After receiving heated criticism from residents last year over its plans to put up security fences around Monta Loma Elementary School, the Mountain View Whisman School District has now scheduled a slew of public meetings to get input on how to redesign the school's beloved community open space.
Carducci Associates, the district's architect, presented the public outreach plan to the school board last week.
The architecture firm intends to host a series of no fewer than 15 community meetings and focus groups over Zoom to gather feedback, with a final master plan expected to come back to the board for approval in May.
The first meeting is scheduled for 6 p.m. on Wednesday, Dec. 15, and will cover the mostly nuts-and-bolts about the upcoming schedule and how to provide input. Carducci's Vince Lattanzio told the board last week that his goal is to ultimately create a plan for Monta Loma that will benefit all of the site's users.
"We're trying to make sure that we give as much access to the public and community as possible to participate, to give input and to understand how we're going forward," Lattanzio said.
Responding to concerns about the school's security, the district originally intended to erect fences around Monta Loma to stop unauthorized people from entering the campus during the school day. That prospect was met with fierce opposition from neighbors who use the land as a public park.
In June, the school board decided instead to pursue a broader campus reconfiguration and voted 4-1 in September to approve a $481,000 contract with Carducci to create a proposal for the site.
At last week's meeting, board member Devon Conley said that the campus is a "valuable and special shared community resource," noting that the neighborhood lacks any other large park space within walking distance.
Board member Laura Ramirez Berman, who said she lives in the Monta Loma area, agreed with Conley, saying that the neighborhood is in a unique situation because of its limited open space.
"I am really looking forward to seeing the engagement in these conversations and seeing this process play out," Ramirez Berman said.
Trustee Chris Chiang was the lone "no" vote on September's resolution to hire Carducci, saying at the time that he felt the city of Mountain View, not the school district, should be addressing the lack of park space in the neighborhood.
Again last Thursday, Chiang said that although Monta Loma deserves park space, he believes the city should ultimately pay for it. He questioned why the City Council doesn't have meetings scheduled to discuss the topic, given that the school board is planning to review plans for Monta Loma at least three more times in the coming months.
"I am mindful that it is very rare for any government body to want to pay for something that they're not actively meeting on," Chiang said. "As much as I believe that Monta Loma deserves a park, I believe this should be a city-funded project."
It isn't yet known how much of the final cost the city of Mountain View will cover.
Gathering public feedback
As part of its effort to notify residents about the public outreach process, Lattanzio said the district has mailed out postcards, put notifications in school newsletters, sent emails, used school marquee signs, updated the district's website and put up physical signs at the school.
Carducci staff members have also met at the campus with school employees and city staff, Lattanzio said.
In January, Carducci plans to host six focus group meetings, each with a different segment of the community: city staff, school staff, city recreation leagues, seniors, families with young children and neighbors.
Each focus group meeting will last roughly 90 minutes and include up to 10 people, Lattanzio said.
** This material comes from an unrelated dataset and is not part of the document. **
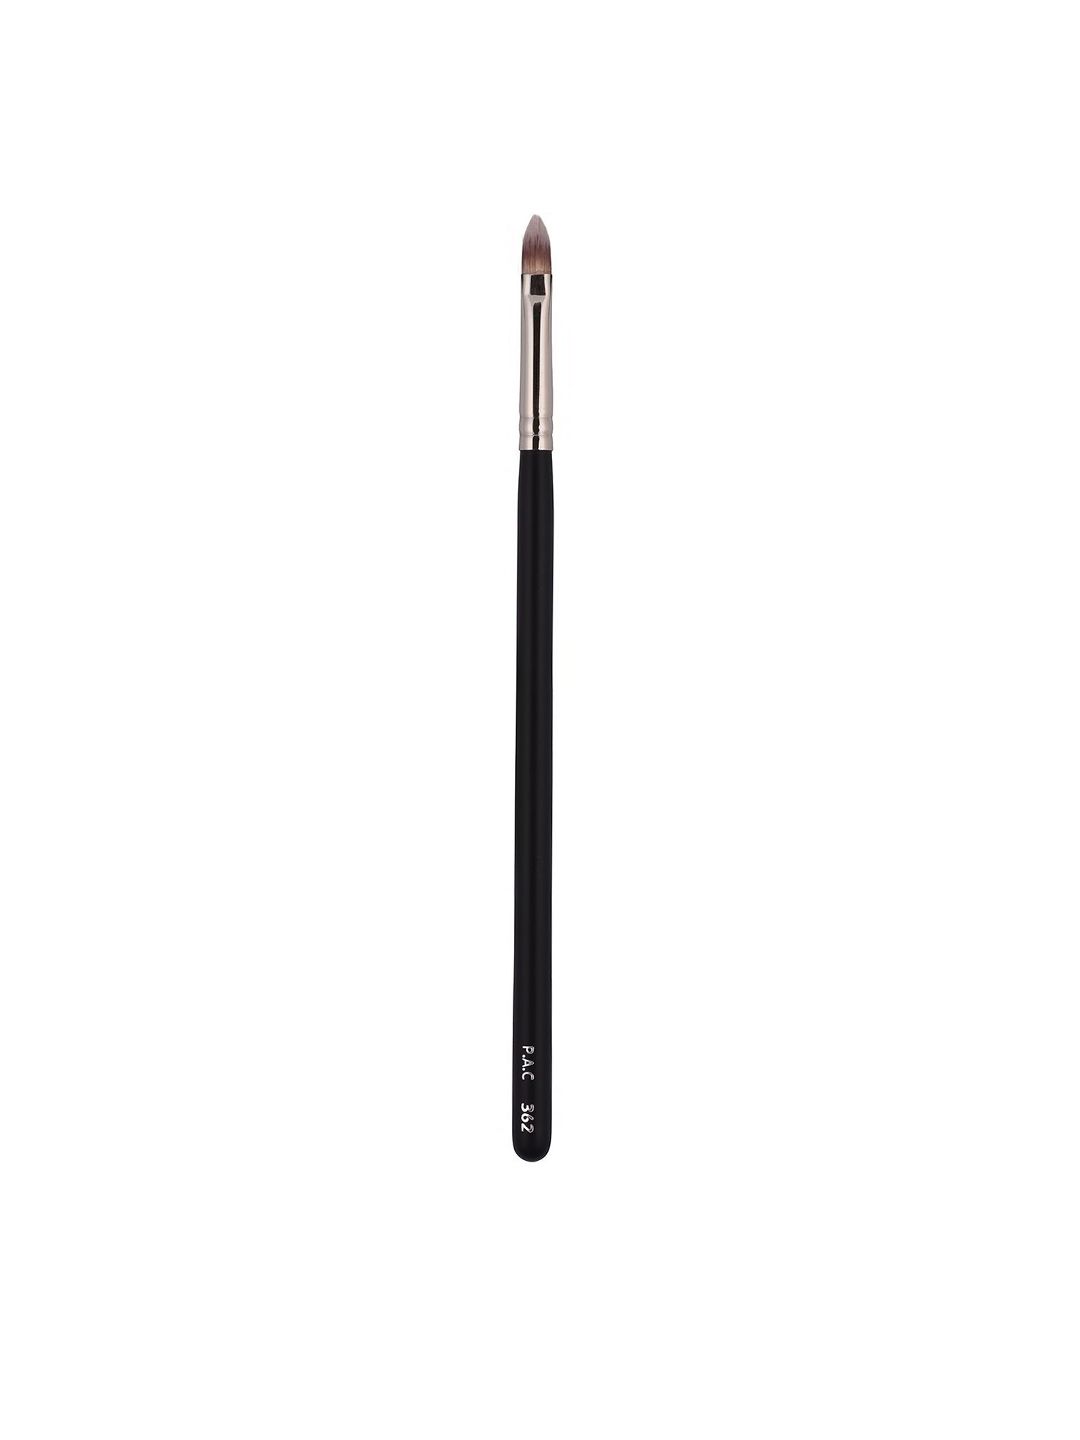 PAC Black Concealer Brush - 362 Price in India

To sign up to be part of a focus group, visit mvwsd.org/montalomafield. Members will be randomly chosen from the submitted applications.
After the focus group meetings, Carducci will host a pair of broader community input meetings the last week of January to recap the focus groups and gather feedback. One meeting will be hosted on a weekday evening and the other on a Saturday morning to accommodate different schedules.
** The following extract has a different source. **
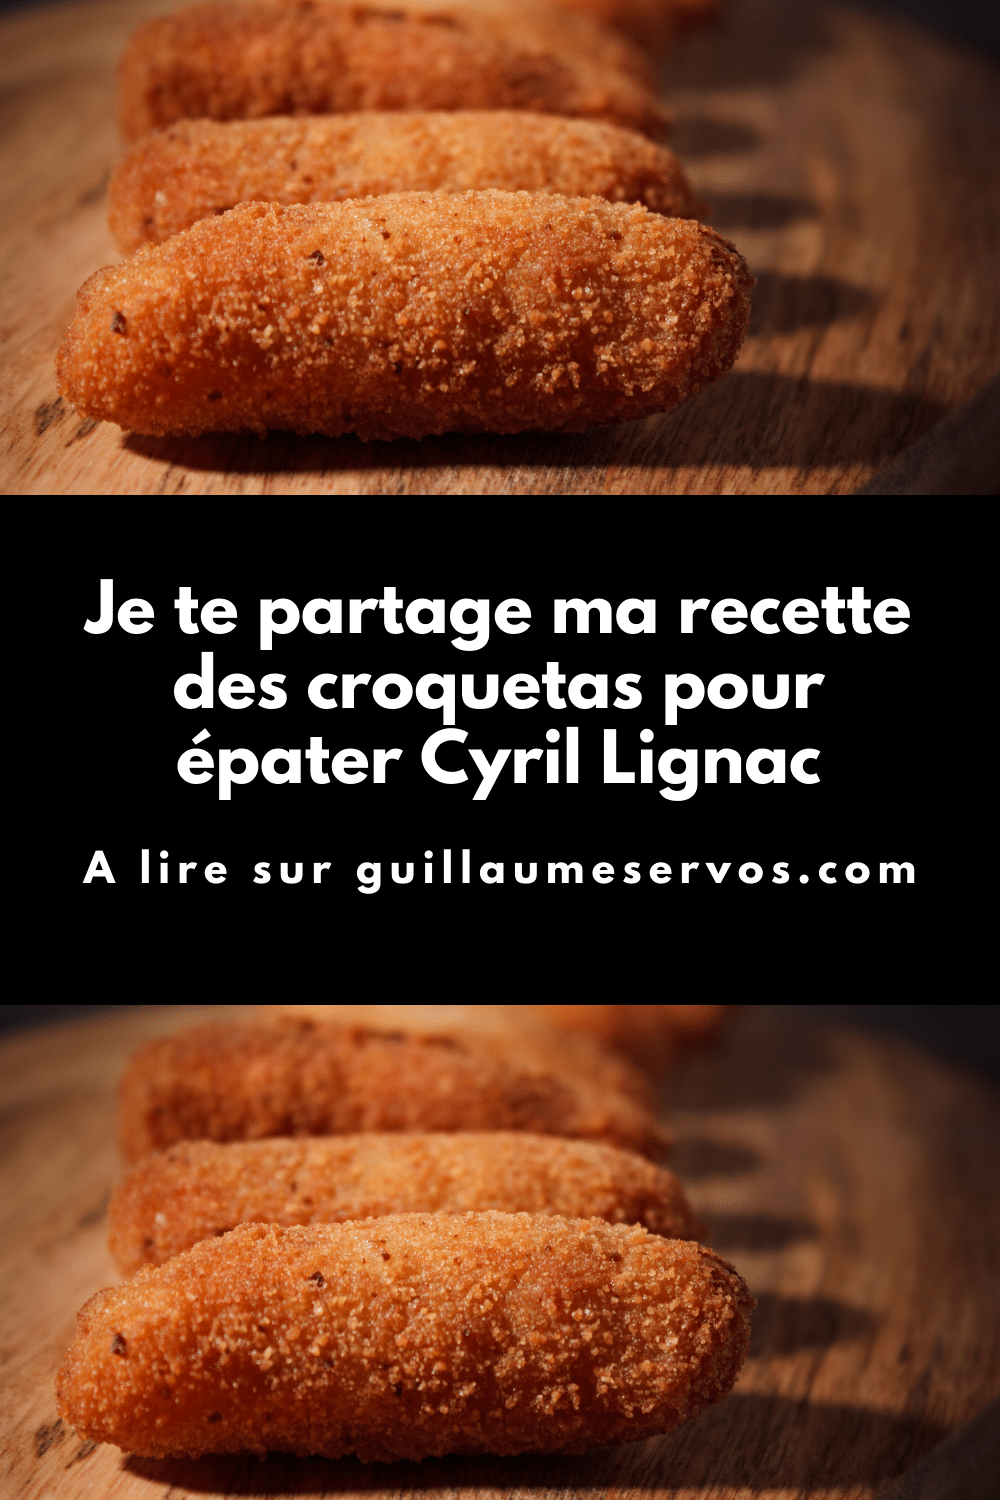 La recette des croquetas pour épater Cyril Lignac

The school board will then hear an update at its Feb. 10 meeting.
The following week, Carducci will present a set of master plan options for Monta Loma and gather input at a second pair of community meetings.
In March, Carducci will host a third pair of community meetings to present a preferred master plan and gather feedback. Carducci will then run a survey of the focus groups and come back to the board with an update on March 24.
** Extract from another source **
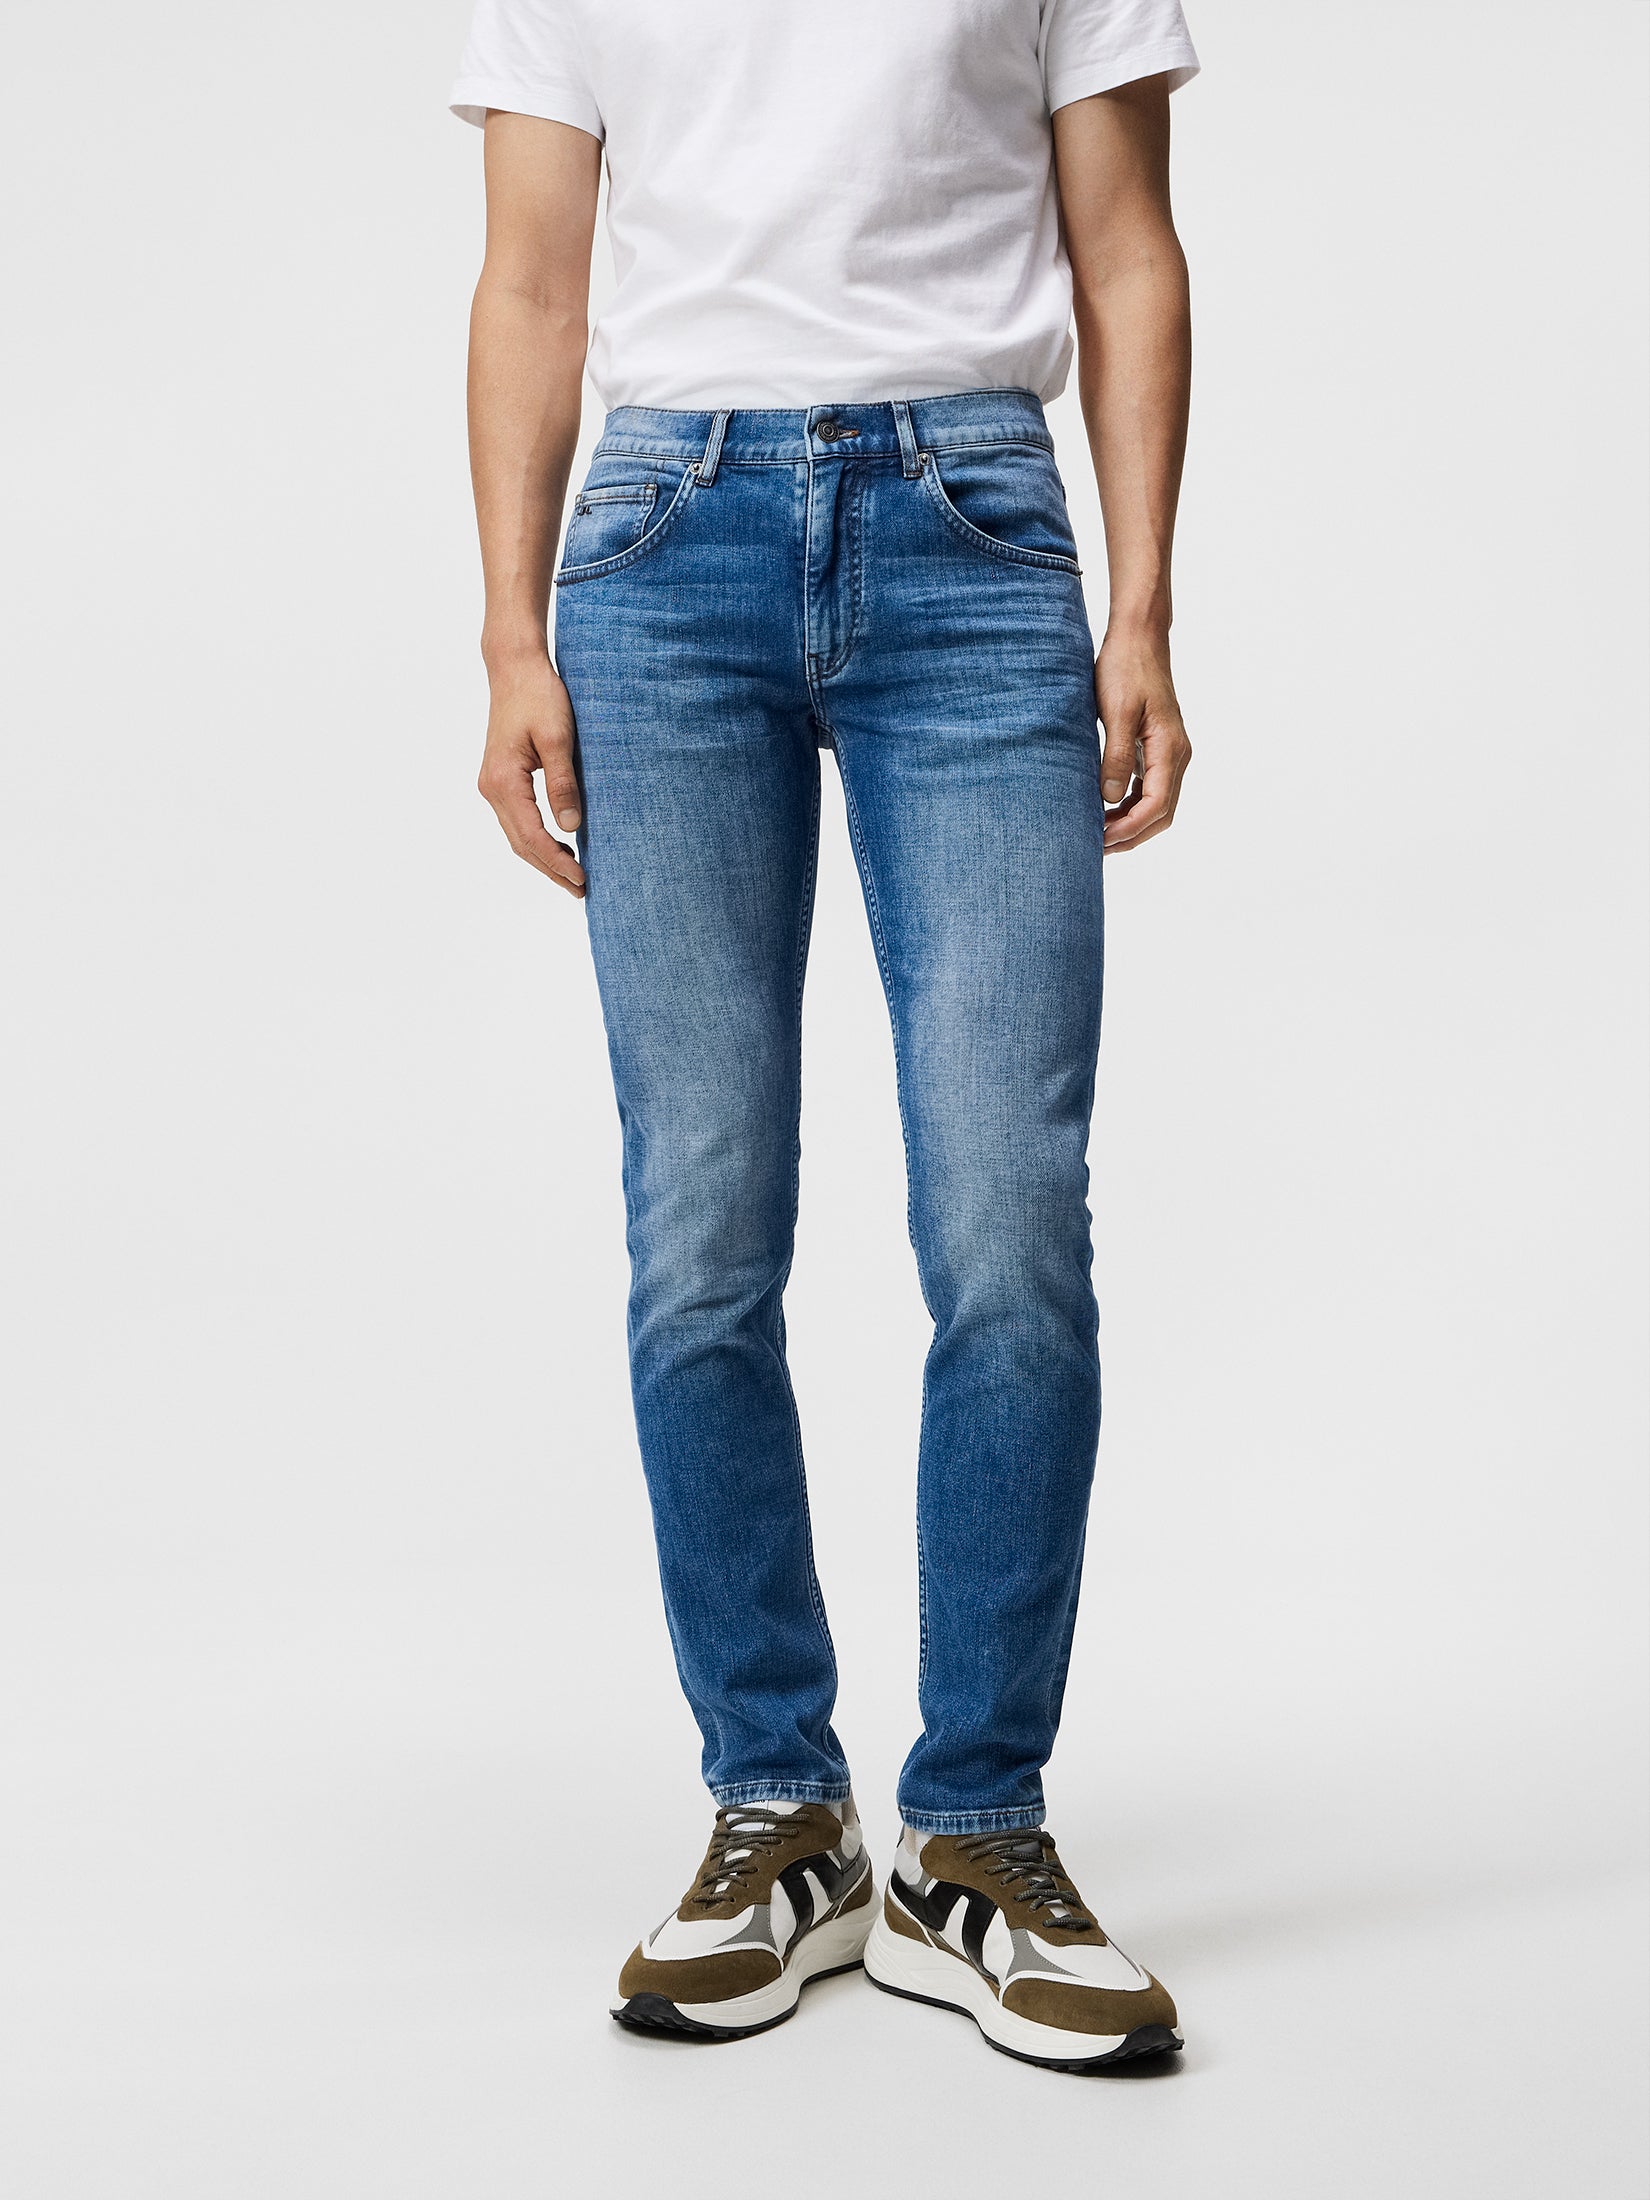 Timeless Jeans for Men - J.Lindeberg

A fourth pair of community meetings is scheduled for April to get input on a refined master plan proposal, ahead of a May 5 board meeting, where the trustees are expected to vote on the final plan.
Only one member of the public addressed the board, asking that larger signs be posted at Monta Loma and throughout the neighborhood to let people know about the upcoming meetings. Board members were receptive to the suggestion.
Conley said she was "really thrilled" with the process Carducci was presenting.
"Not only is there a separate meeting to discuss what the input process will be, there are eight additional community input meetings, six focus groups and four board meetings," Conley said. "We are going to have a smorgasbord of community input opportunities."